I’ve kissed enough frogs to sink an entire damn fleet and all it’s earned me is emptiness and the sinking suspicion that I was never worthy of the fairy tale, anyway.

I shake it off and sink back into the chair, dragging my laptop closer. The glow of the screen steadies me, a tether to the part of me that still knows how to compartmentalize.

Time to be a professional again. Time to finish what I came here to do.

I find the start of the article that poured out of me and read it in a rush of rediscovery.

When I’m done, I stare at the final sentence. My finger hovers over the trackpad, ready to go back and smooth out the flaws, but I don’t. With only a single click to attach it to an email, it’ll be out there, permanent and unchangeable.

But I can’t do it. I’ve always been like this.

The last-minute girl. Give me a deadline, and I’ll dance right on the razor’s edge, chasing the thrill of deciding under pressure.

It’s safer that way. If I wait long enough, the choice of how the story is presented makes itself.

Time will force me to decide what the right message is.

This story feels like it’s still being written.

It isn’t ready for a period, or a blunt The End .

It stopped being just words the second I stepped out of my car to be greeted by eleven of the best men I’ve ever known.

I sit back, twisting the simple silver ring on my thumb. It’s a plain band, like a man’s wedding ring. I bought it for myself, wondering if I’d ever be given a similar ring for my fourth finger. The idea had felt so remote.

In front of me, the screen glows expectantly, patiently.

Nash and Cody told me they want me to stay.

McCartney said the same in his poem. I think it was Dylan who left the beautiful pink cowboy boots outside my door last night, like he was inviting me to step into different shoes and become a part of their world.

If I click my heels together, would it work? Would I be transformed? Would I belong?

When I was between Nash and Cody last night, all my anxieties slipped away.

The memory of their strong hands, soft mouths, and the feeling of being pulled under and anchored at the same time rushes back.

They didn’t touch me like I was a trophy or a conquest. They touched me like I mattered and kept me close all night, the way Jaxon did, the way I believe Levi would have if he wasn’t as messed up and broken as I am.

They treat me like I could belong with them, not to them, and it’s unlike any connection I’ve had before.

It feels easy enough to believe it could be true.
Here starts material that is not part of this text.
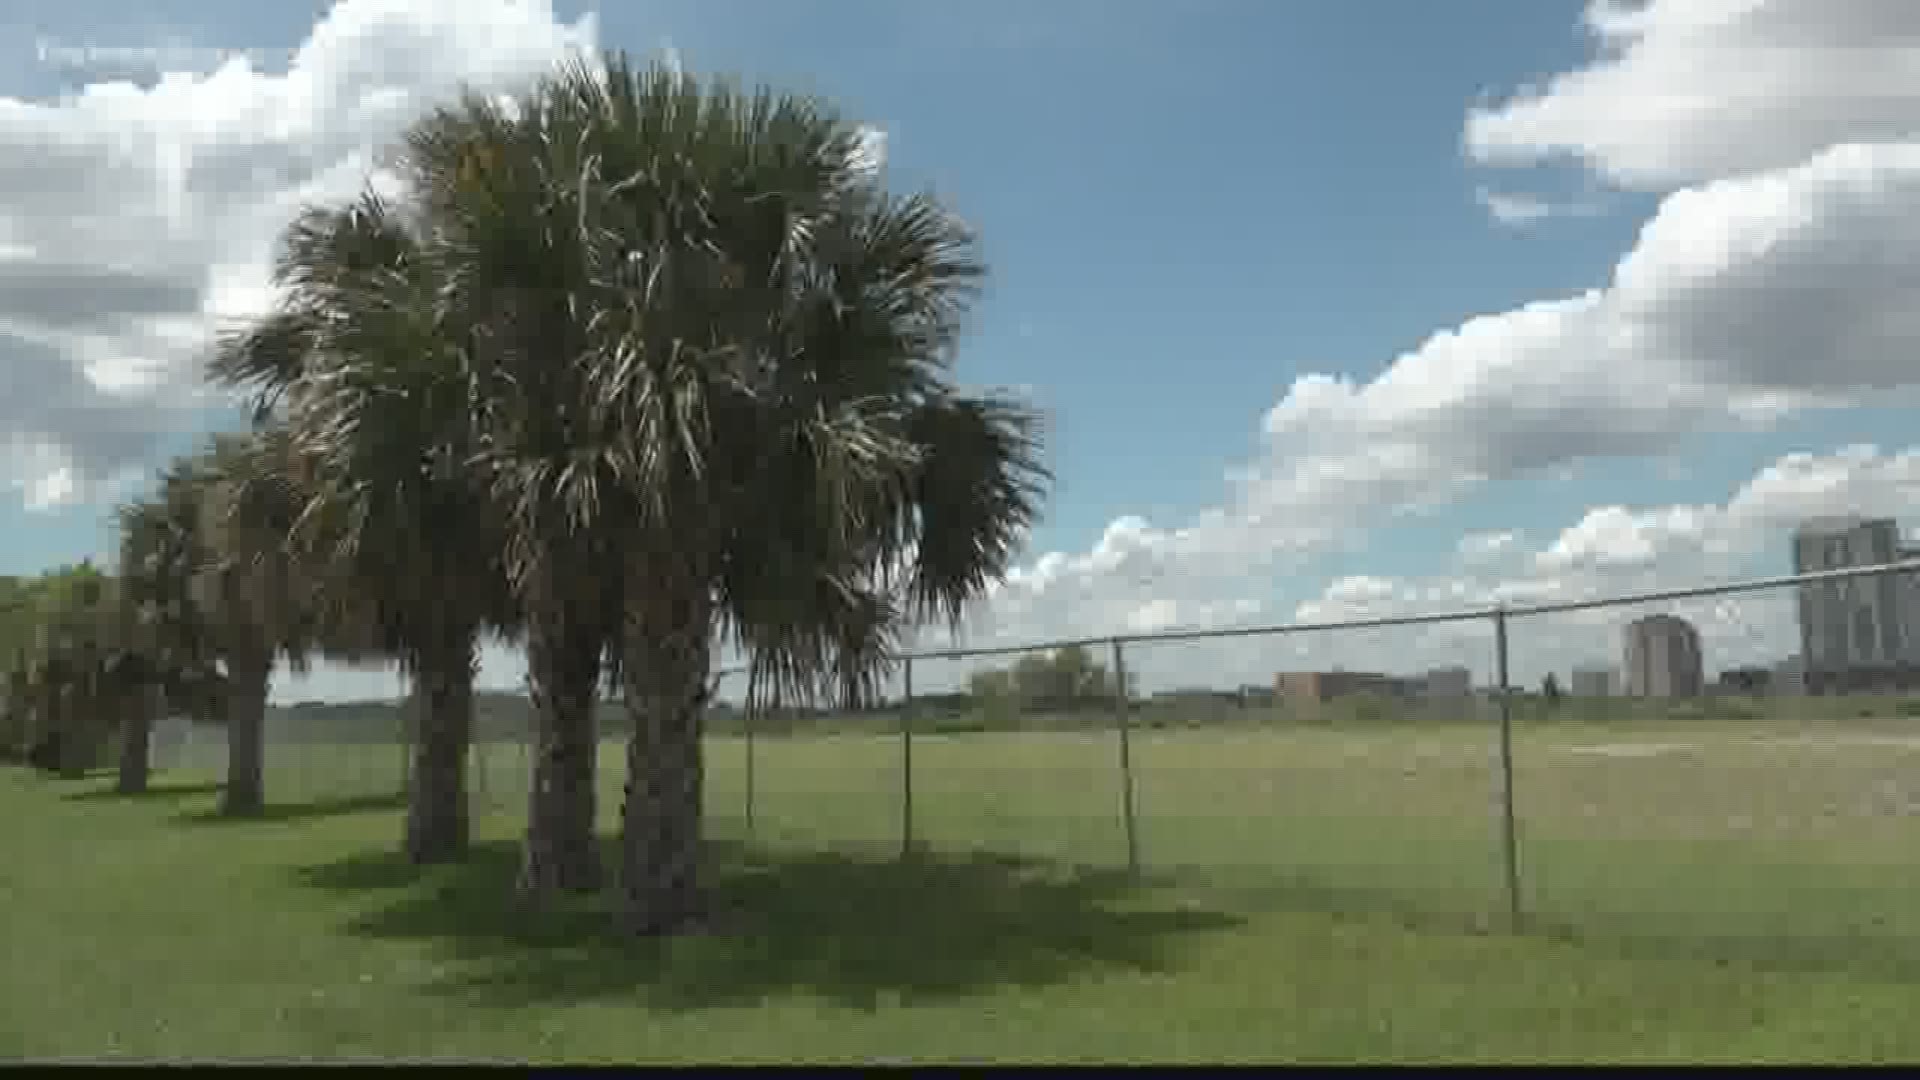 The plant disease, lethal bronzing, is spreading through Florida and killing our iconic palm trees. Because it is growing throughout the Sunshine State, palm trees on the First Coast could be in danger of dying.

My chest tightens. I’m supposed to write about them, not weave myself into the fabric of what they’re building. I’m supposed to study the ranch, not get tangled in its roots.

The way I’ve been behaving is so far from professional, it’s a dot on the horizon.

But how do you stay detached when Junie asks you to braid her hair?

When Eli’s dark, solemn eyes finally soften with trust?

When these cowboys, these impossible, flawed, infuriating men, start looking at you like you’re the answer to all their hopes and dreams, with an equal mix of relief and fear at the prospect?

My heart lurches painfully. I’m so deep already it’s hard to determine where their world ends and mine begins.

I exhale and stare at the blinking cursor. I should feel relieved. I’ve done what I came here to do. The article is only a few edits from finished. So, why does it feel like the last thing I want to do is hit send?

Maybe because committing to the ending feels like writing a story I haven’t finished living?

I tab away from the draft to a blank page with a new goal in mind. The novel I thought I’d write about a city career woman feels cold now. Lifeless.

Instead, something simpler pulls at me. I type without thinking:

Once upon a time.

I grimace, laughing softly to myself. “Lame,” I mutter. “So lame.”

But I don’t delete it. Not yet .

Because I’ve achieved something that’s always been elusive. I’ve made a start, no matter how ridiculous, on a project for myself, in the hope that this could be the beginning of something new.

I can always erase it later, when I’ve worked out the story’s journey and the ending.

I can figure out that part on paper, but in real life?

If only it were that easy.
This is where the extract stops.